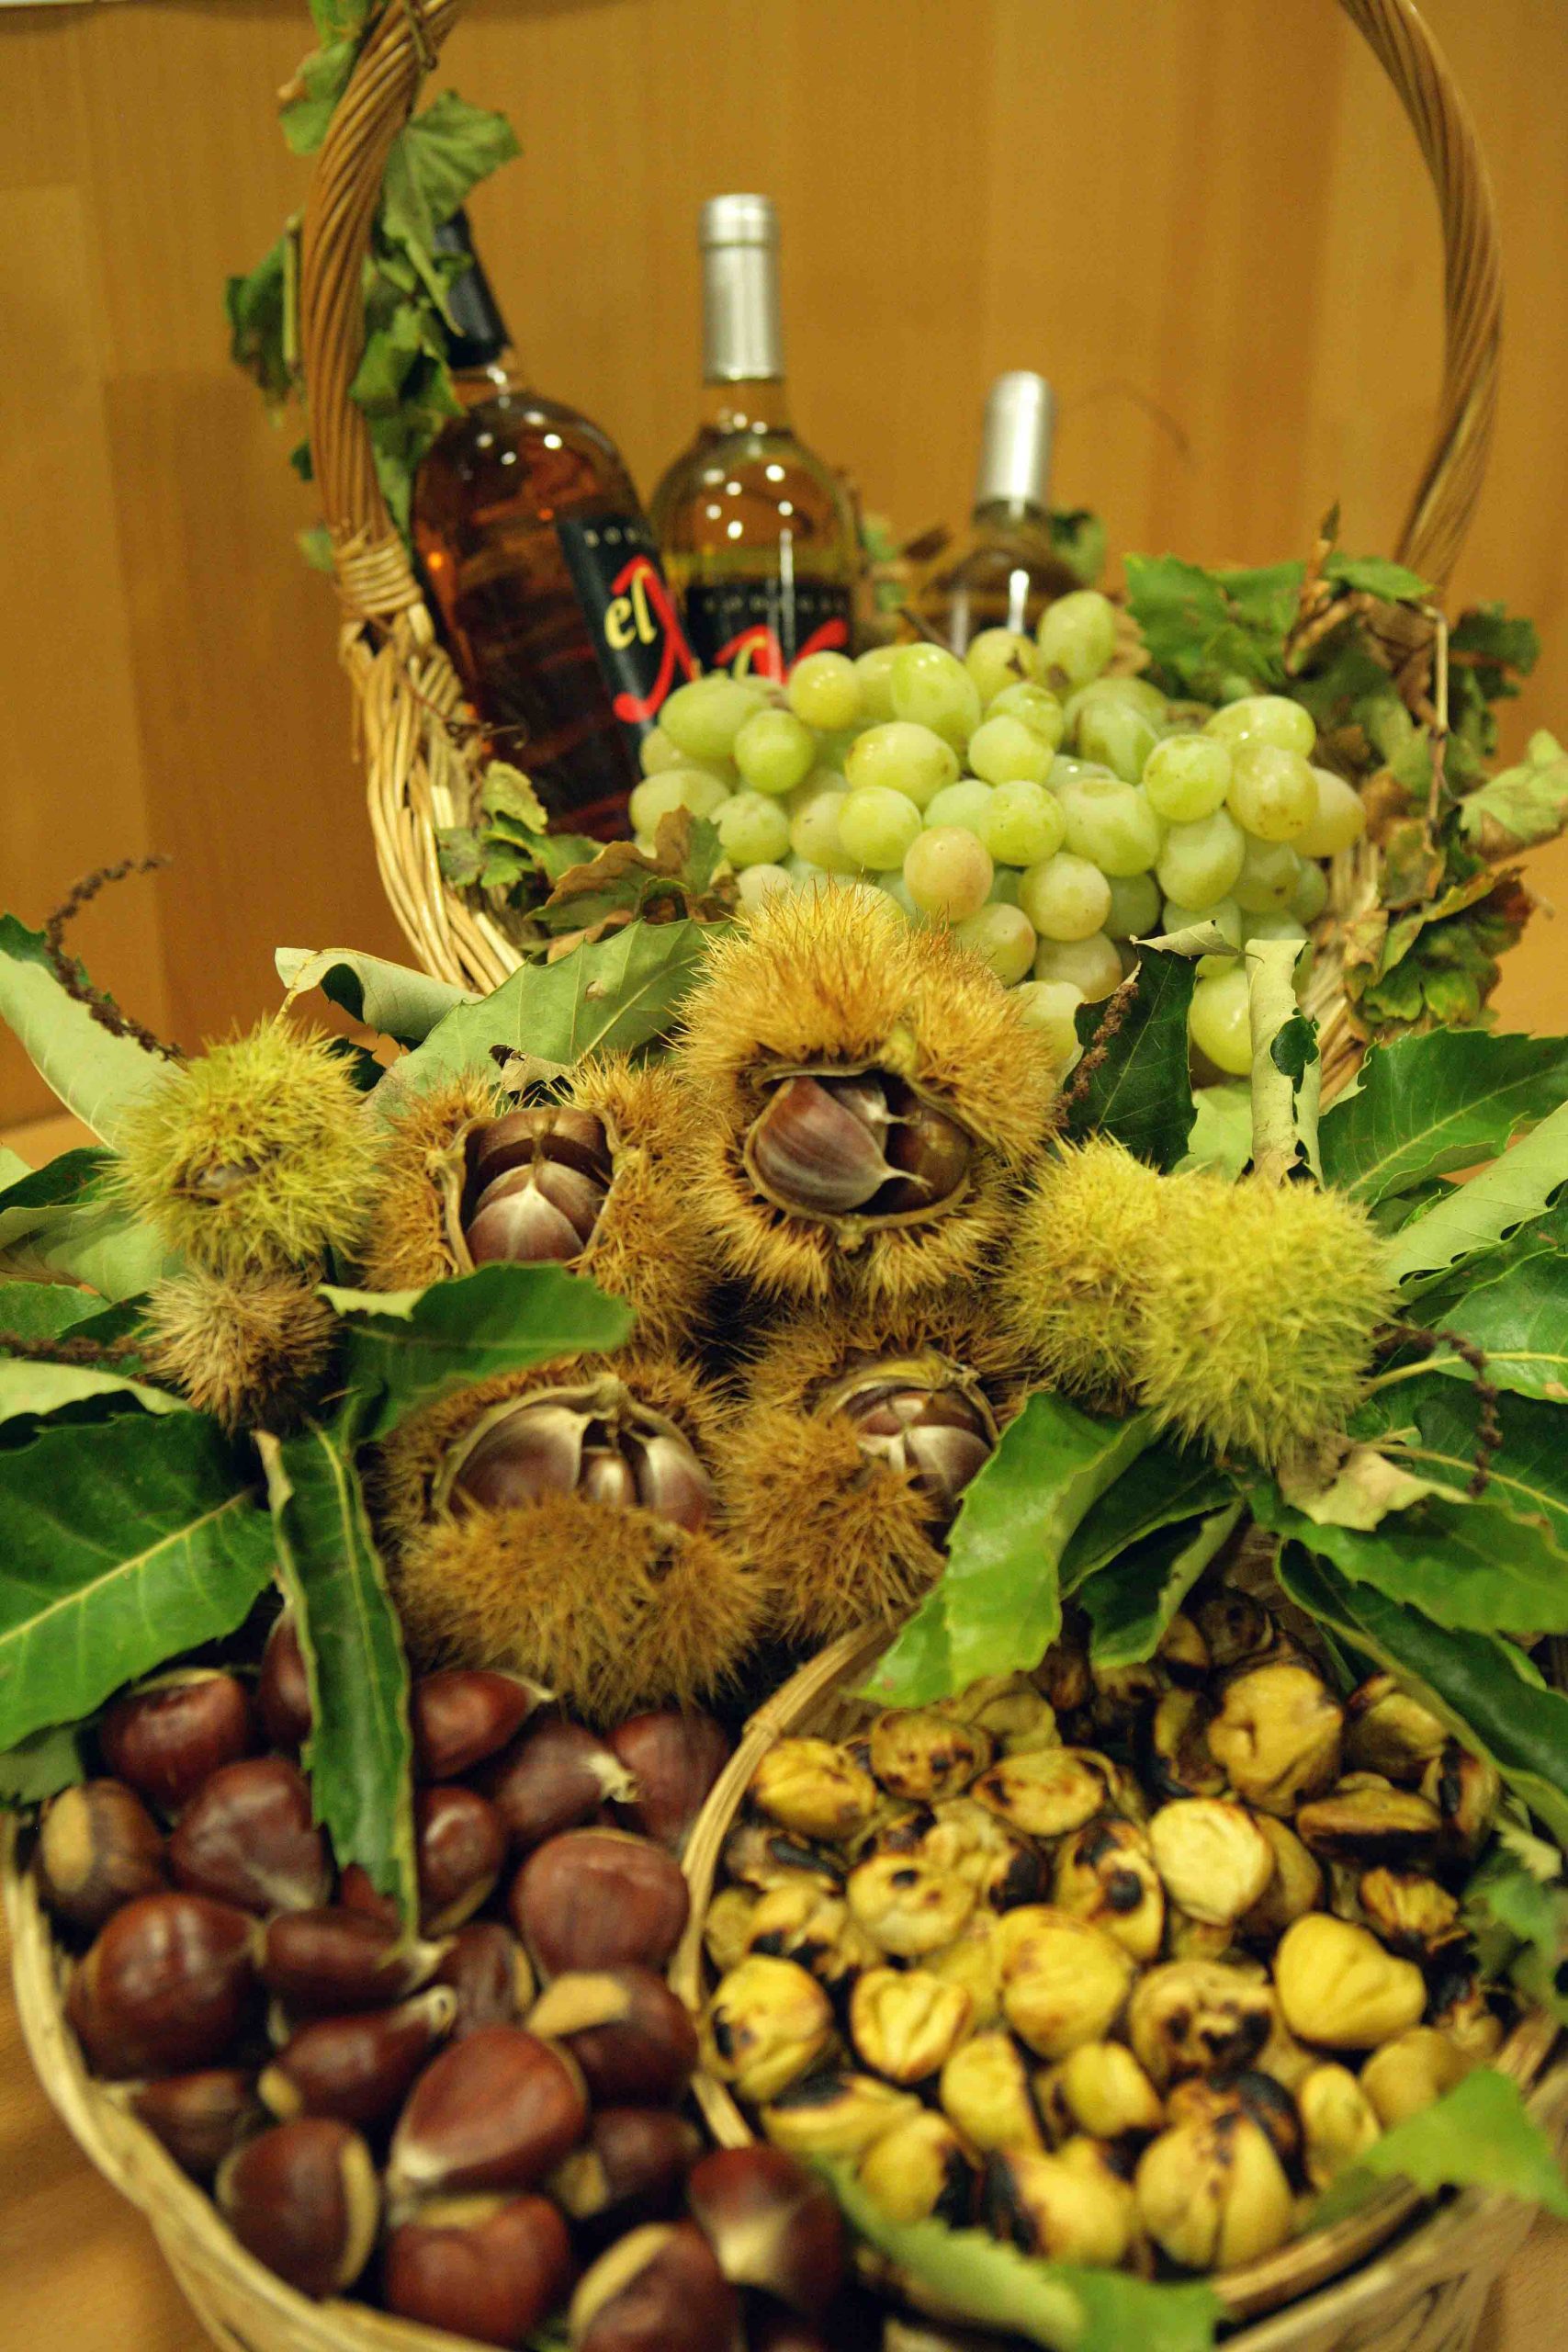 Chestnut and wine festival, Yunquera
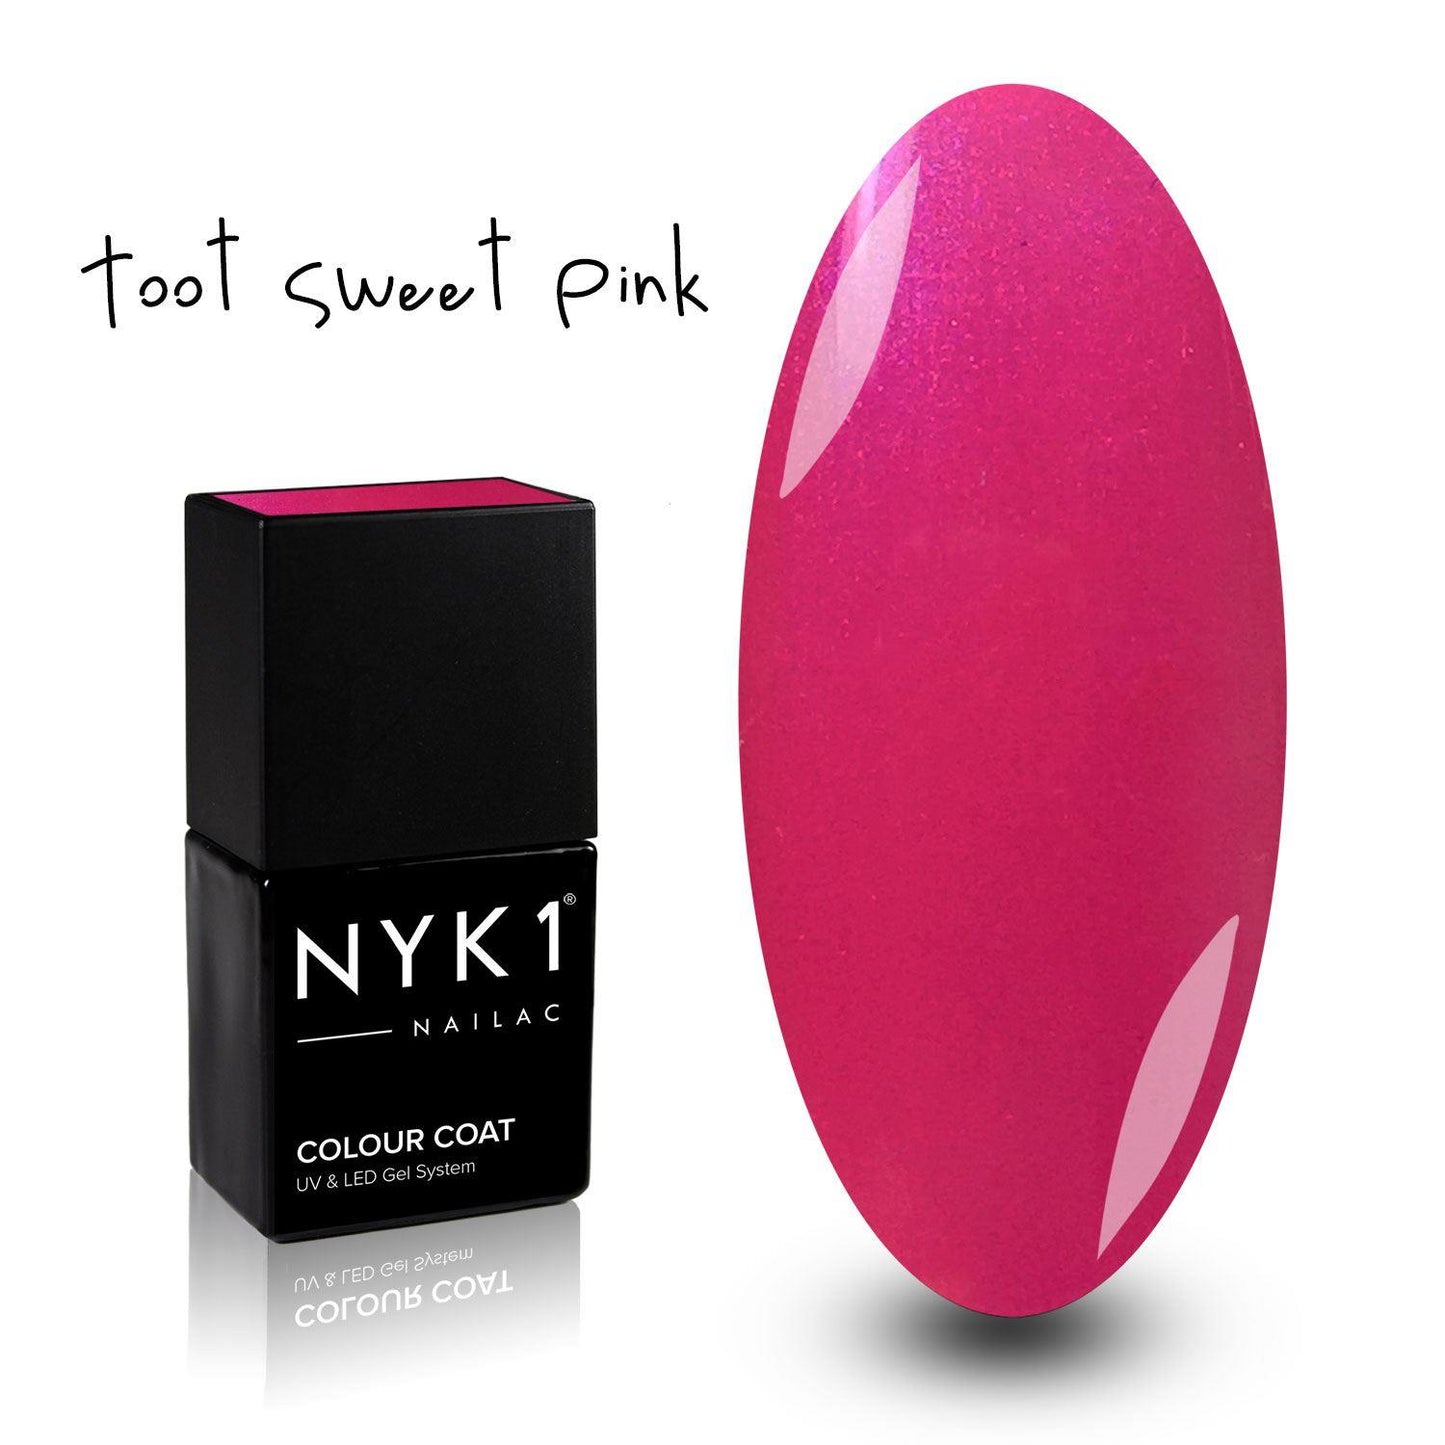 NYK1 Toot Sweet Pink Gel Nail Polish
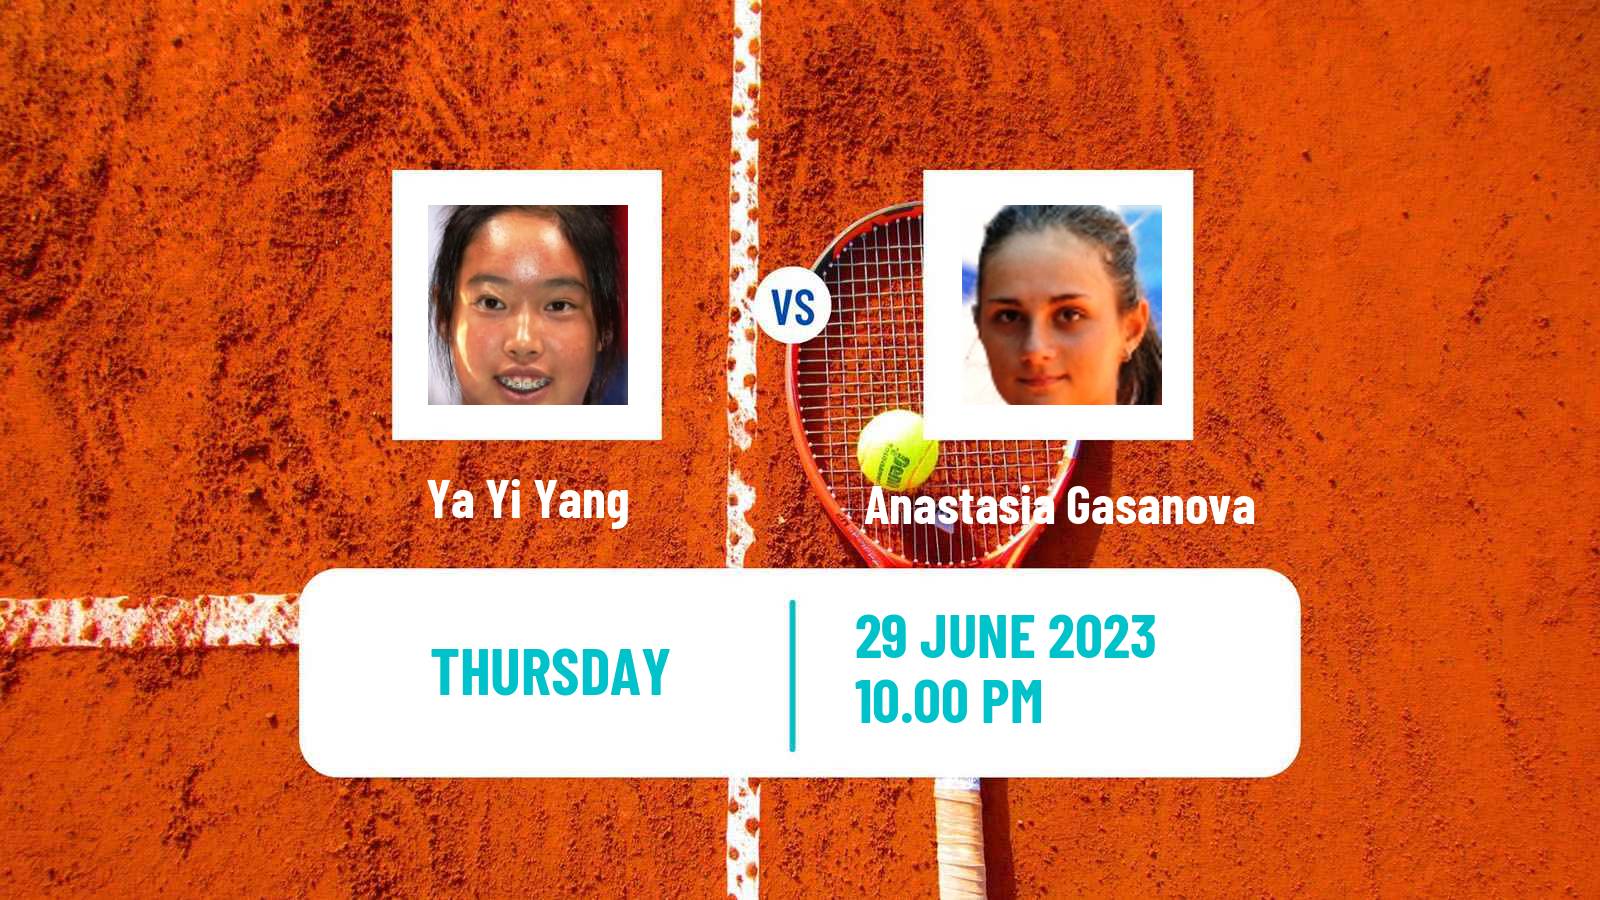 Tennis ITF W25 Hong Kong Women Ya Yi Yang - Anastasia Gasanova
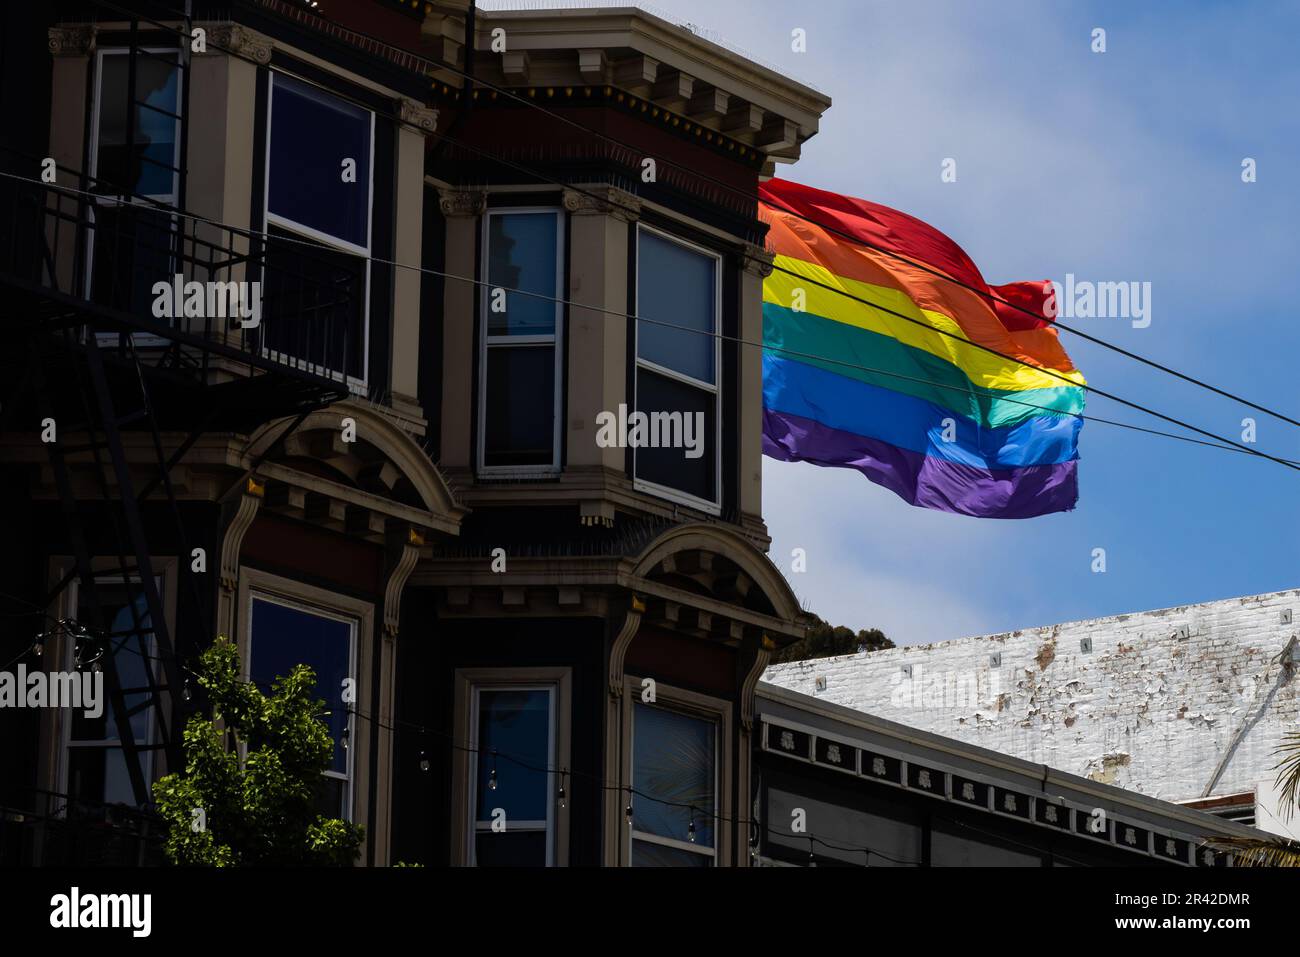 Ce superbe bâtiment multicolore se dresse fièrement dans la zone urbaine, avec son drapeau arc-en-ciel survolant un ciel bleu vif. Le quartier Castro, Banque D'Images
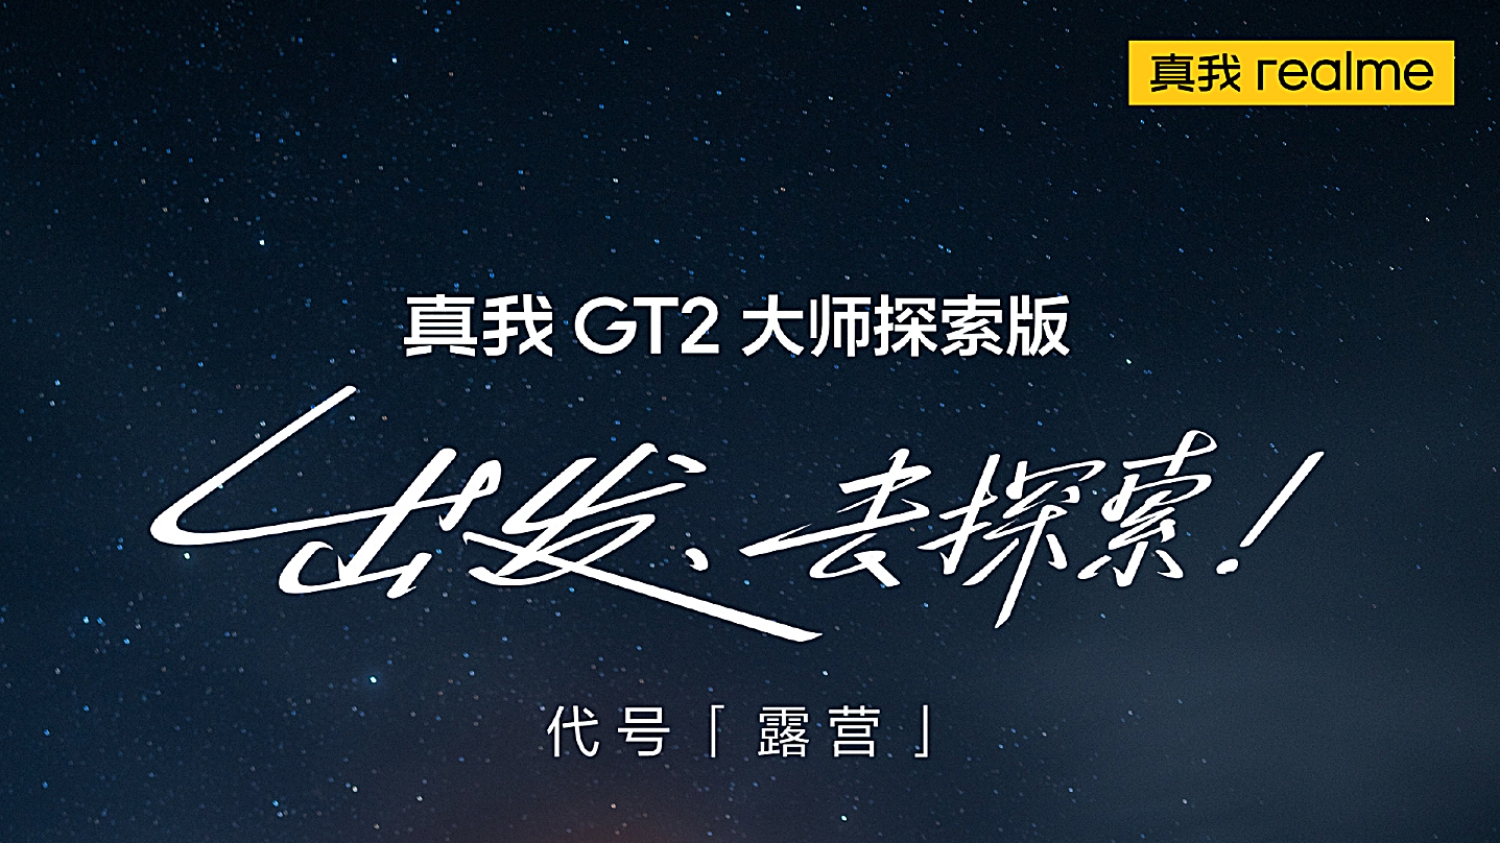 Realme Menjadualkan Pelancaran GT2 Master Explorer Edition Pada 12 Julai

-------

- [TASK REQUIREMENTS]: Repeat the line containing "NYK1 Toot Sweet Pink Gel Nail Polish" and every line after it up to the end of the material above, exactly as they stand, minus the pictures.

- [EXERCISE RESULT]:
 NYK1 Toot Sweet Pink Gel Nail Polish
 Tennis ITF W25 Hong Kong Women Ya Yi Yang - Anastasia Gasanova
 Ce superbe bâtiment multicolore se dresse fièrement dans la zone urbaine, avec son drapeau arc-en-ciel survolant un ciel bleu vif. Le quartier Castro, Banque D'Images
 Realme Menjadualkan Pelancaran GT2 Master Explorer Edition Pada 12 Julai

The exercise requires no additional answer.